YOUR INSTRUCTIONS:
Copy the data that follows, character for character, minus the pictures.

DATASET EXTRACT:
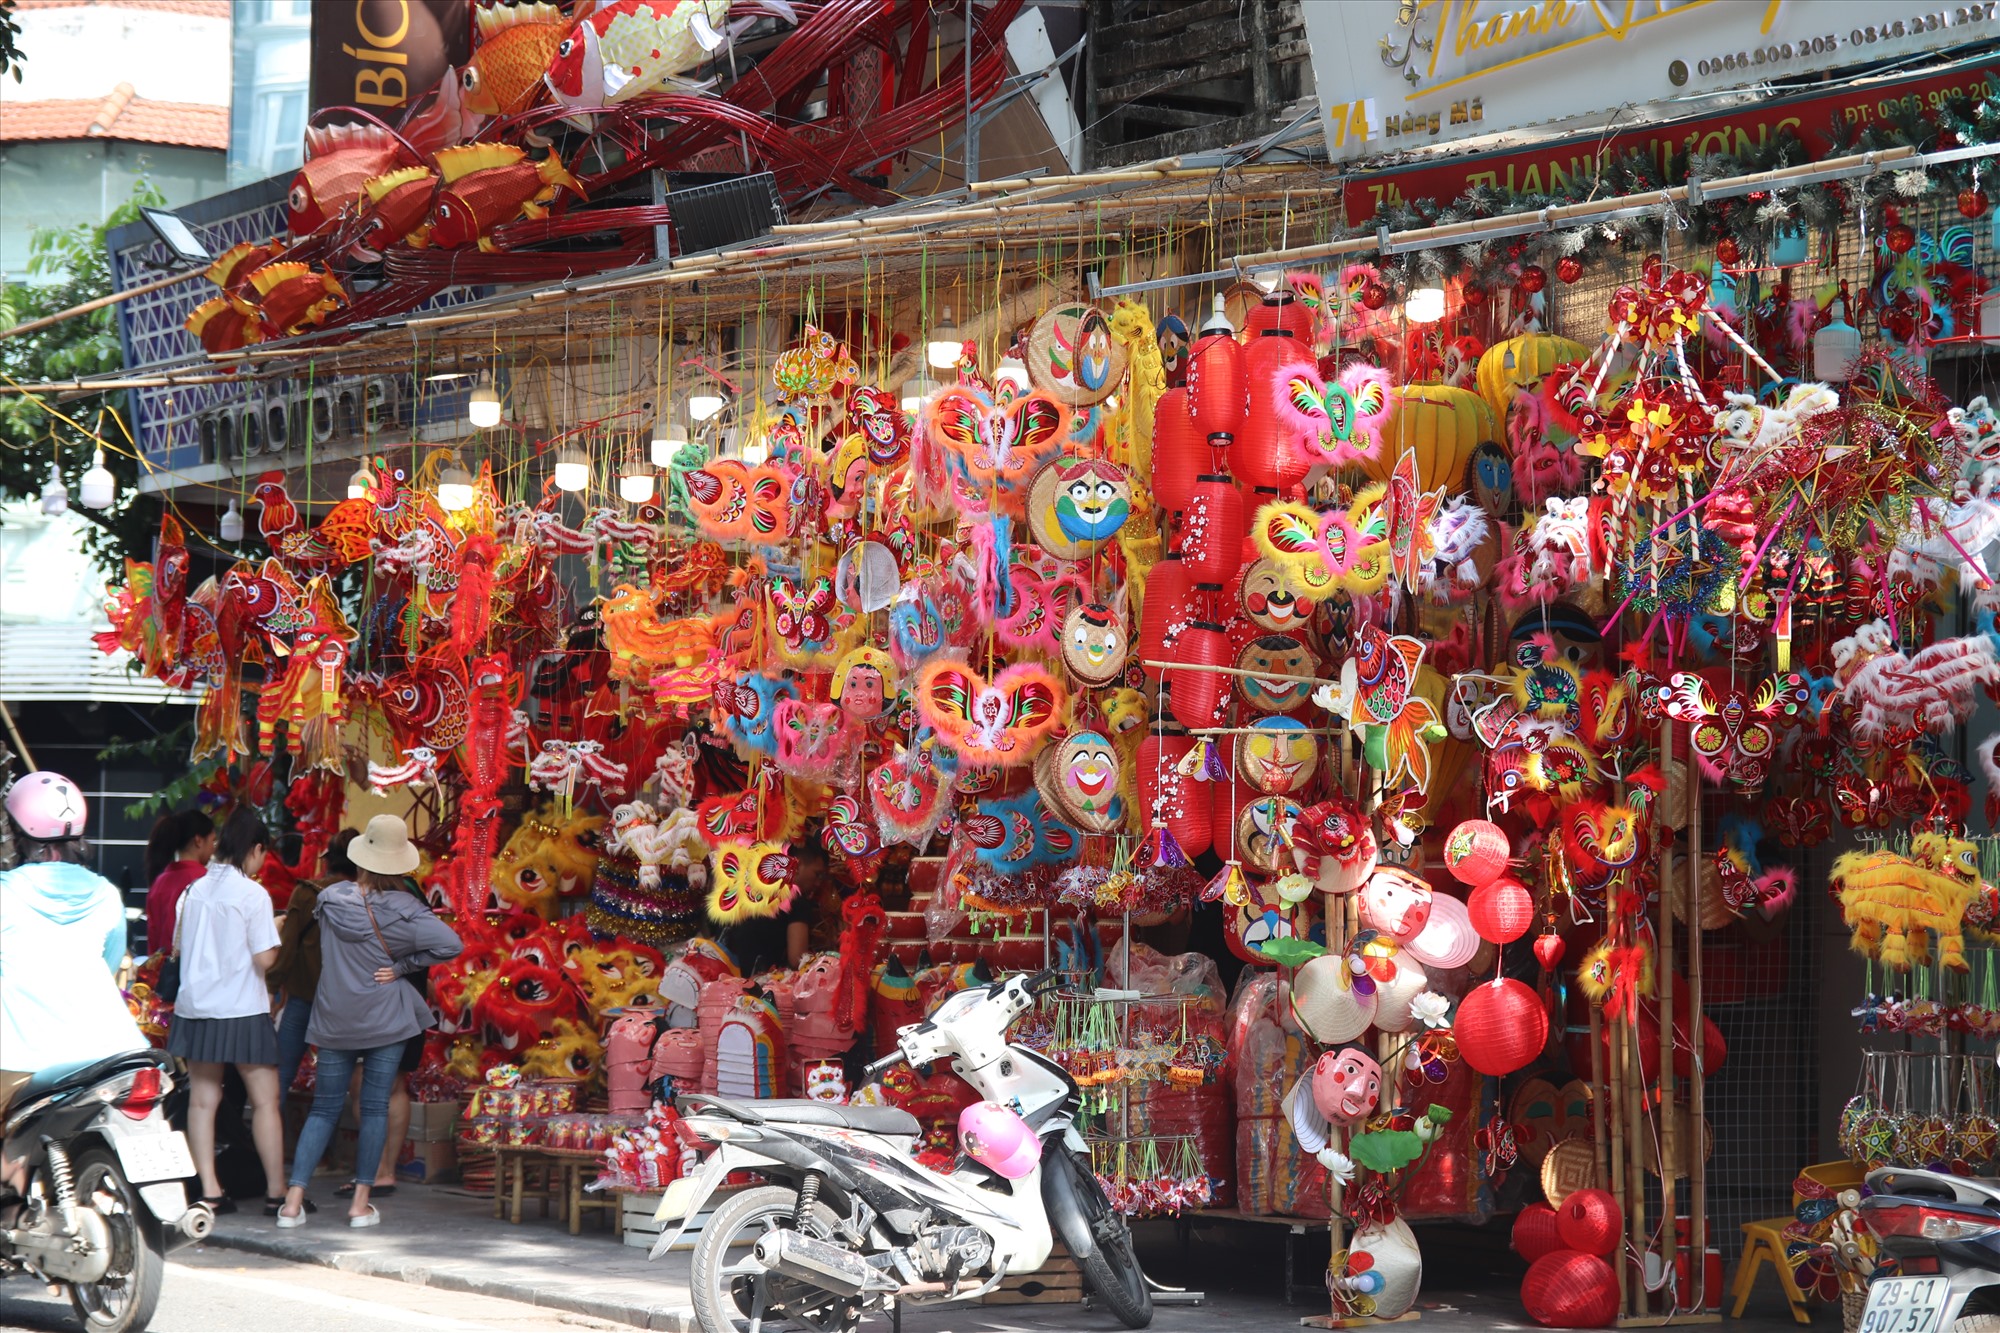 Hàng Mã là một trong những con phố nằm trong khu phố cổ của người Hà Nội. Nơi đây, nổi tiếng với sản phẩm thủ công truyền thống, đồ trang trí bằng giấy. Do vậy, trước Rằm tháng Tám, nơi đây lại kinh doanh các loại đồ chơi trẻ em phục vụ Tết Trung thu.
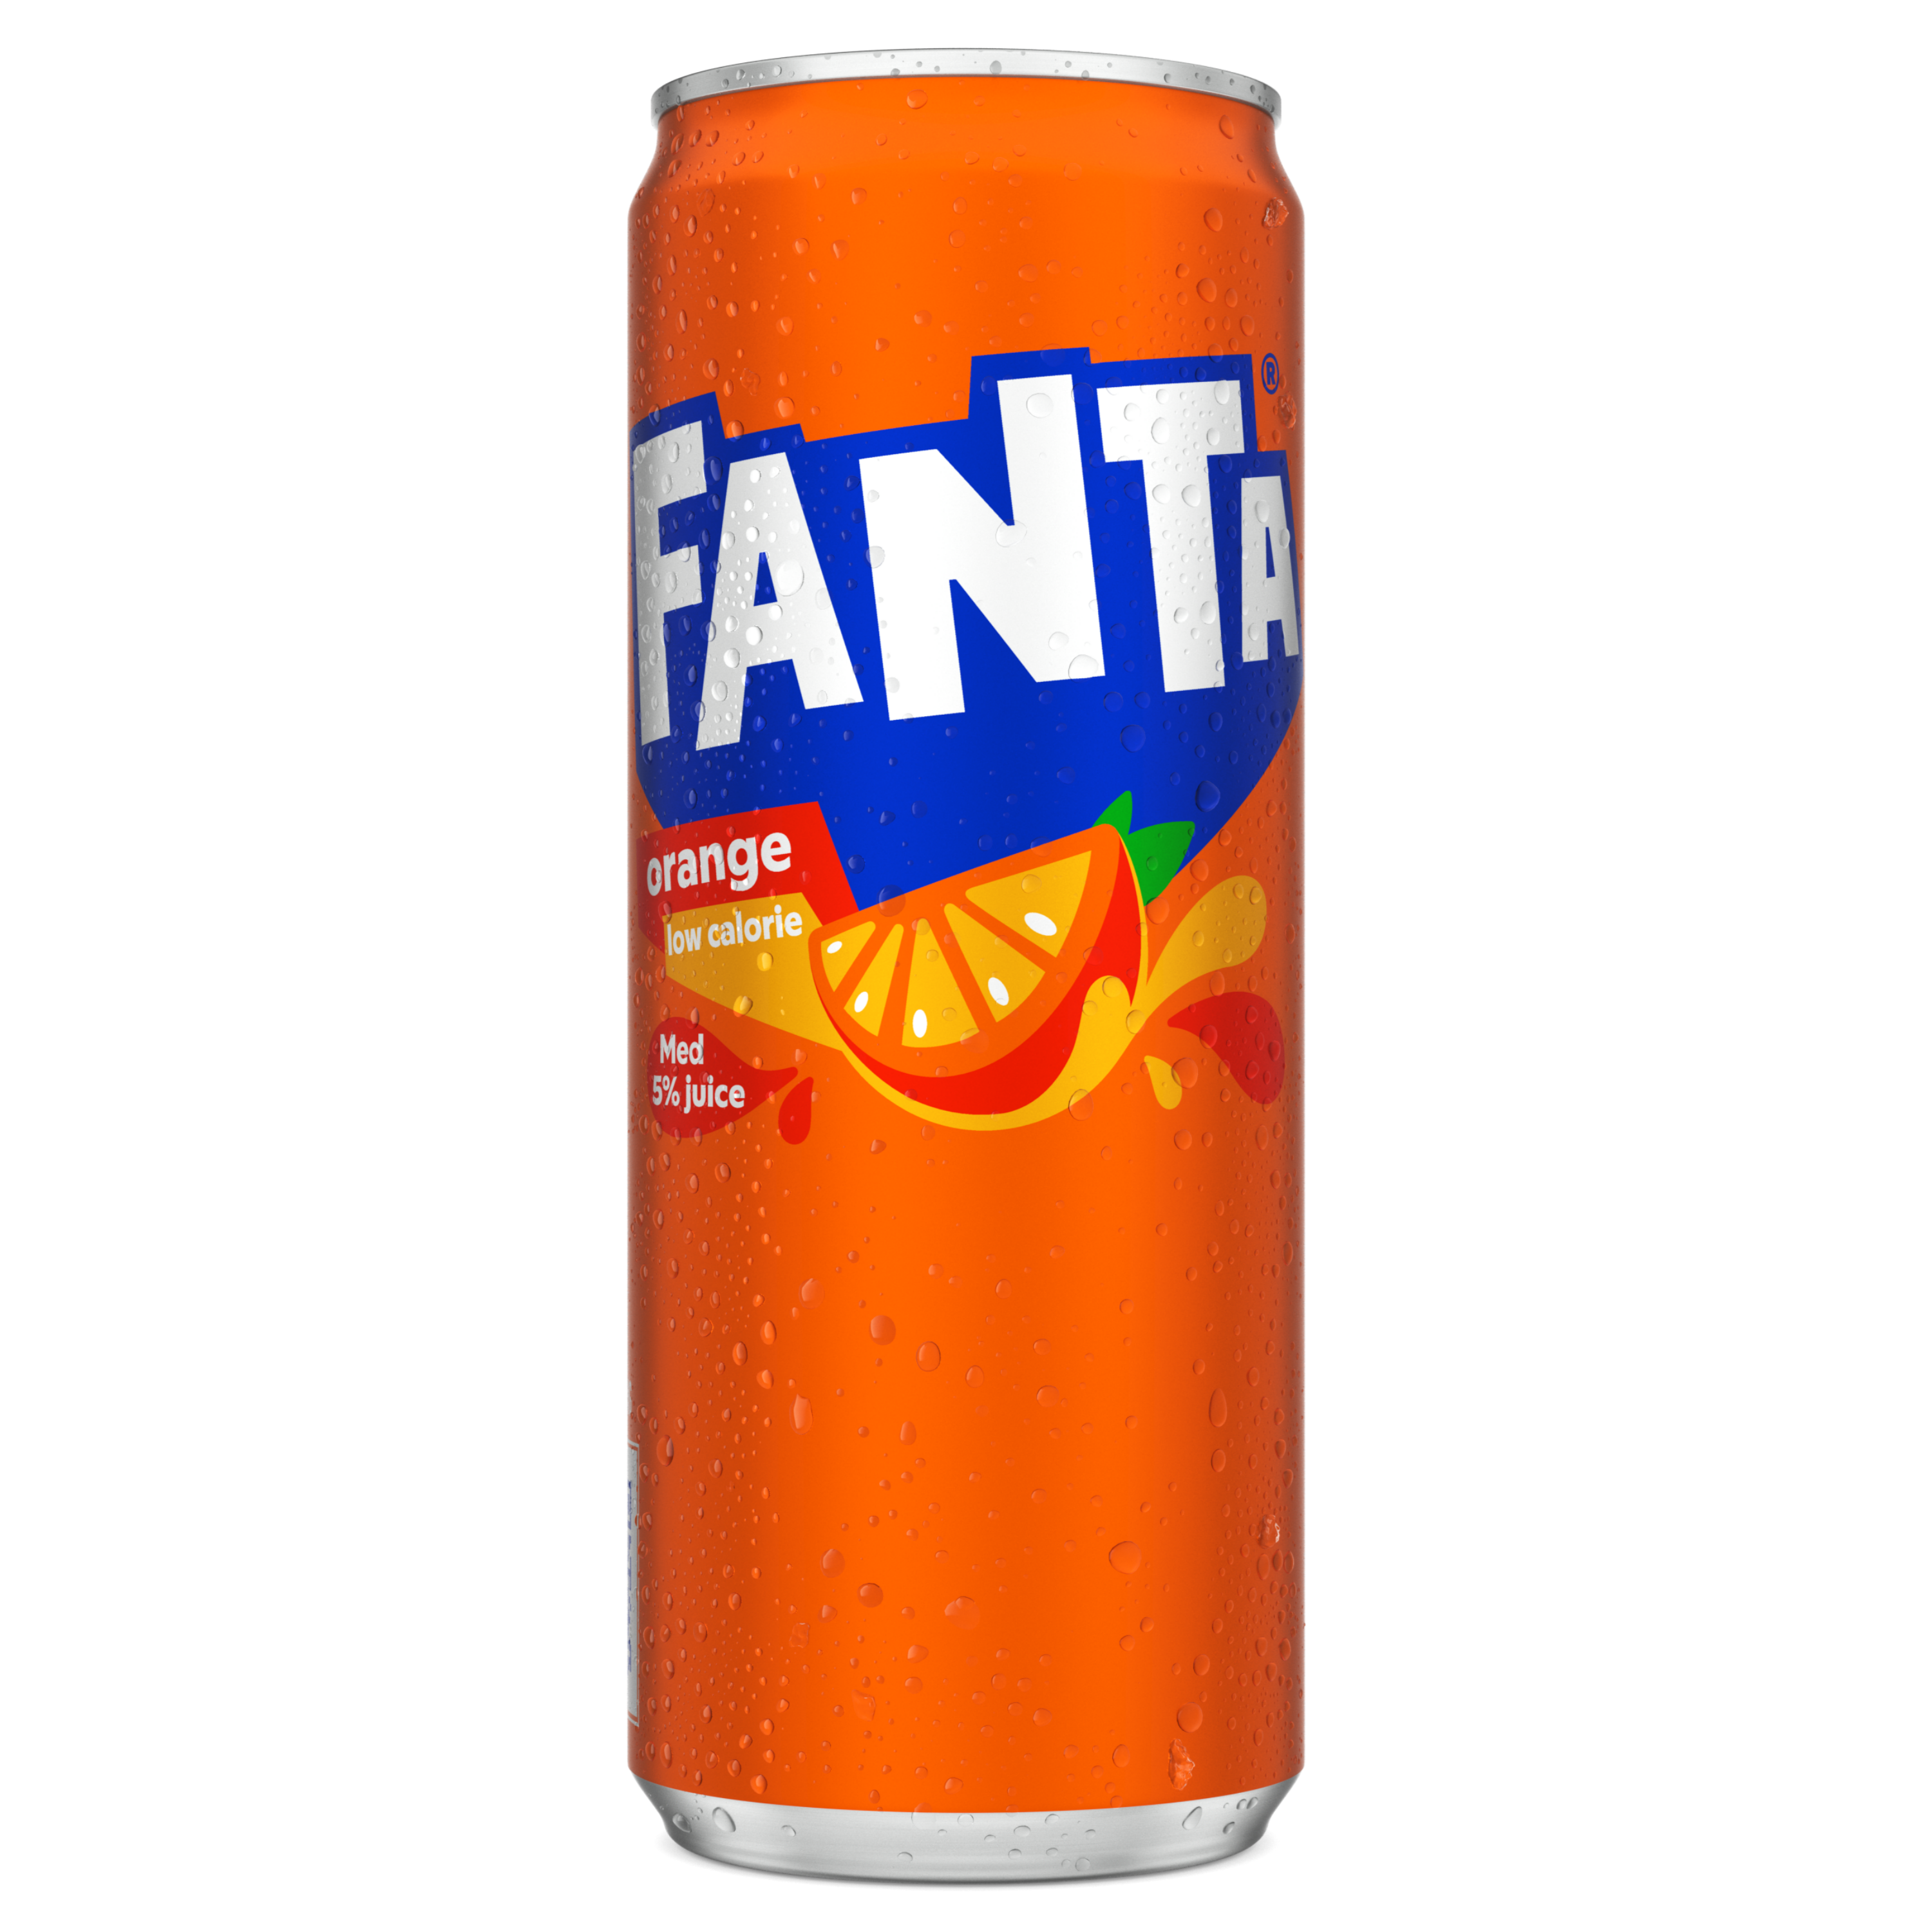 En läskburk med Fanta Orange
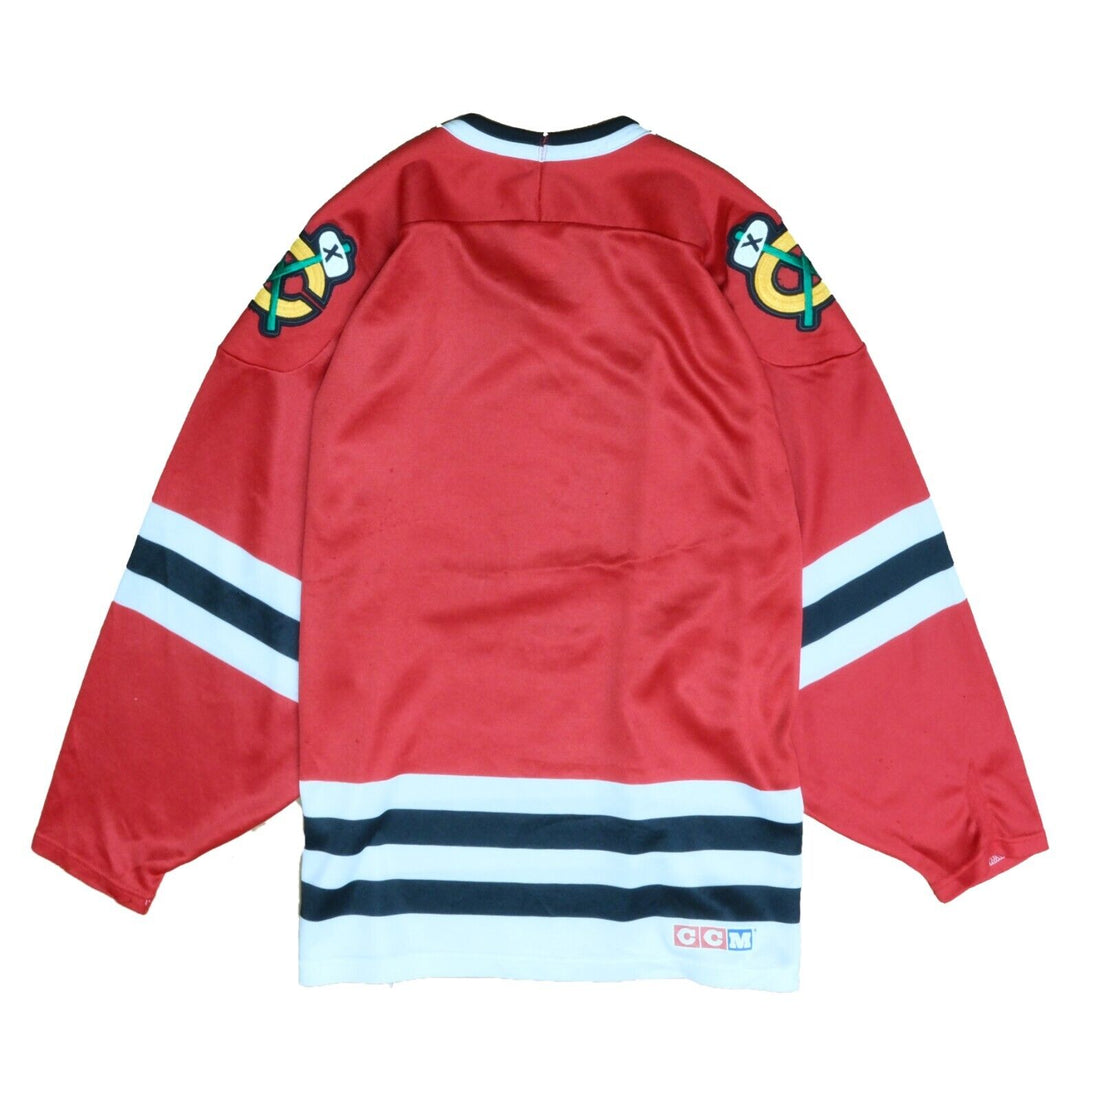 Vintage Chicago Blackhawks CCM Maska Hockey Jersey Size Medium Red 90s NHL

RESPONSE:
 Hàng Mã là một trong những con phố nằm trong khu phố cổ của người Hà Nội. Nơi đây, nổi tiếng với sản phẩm thủ công truyền thống, đồ trang trí bằng giấy. Do vậy, trước Rằm tháng Tám, nơi đây lại kinh doanh các loại đồ chơi trẻ em phục vụ Tết Trung thu.
 En läskburk med Fanta Orange
 Vintage Chicago Blackhawks CCM Maska Hockey Jersey Size Medium Red 90s NHL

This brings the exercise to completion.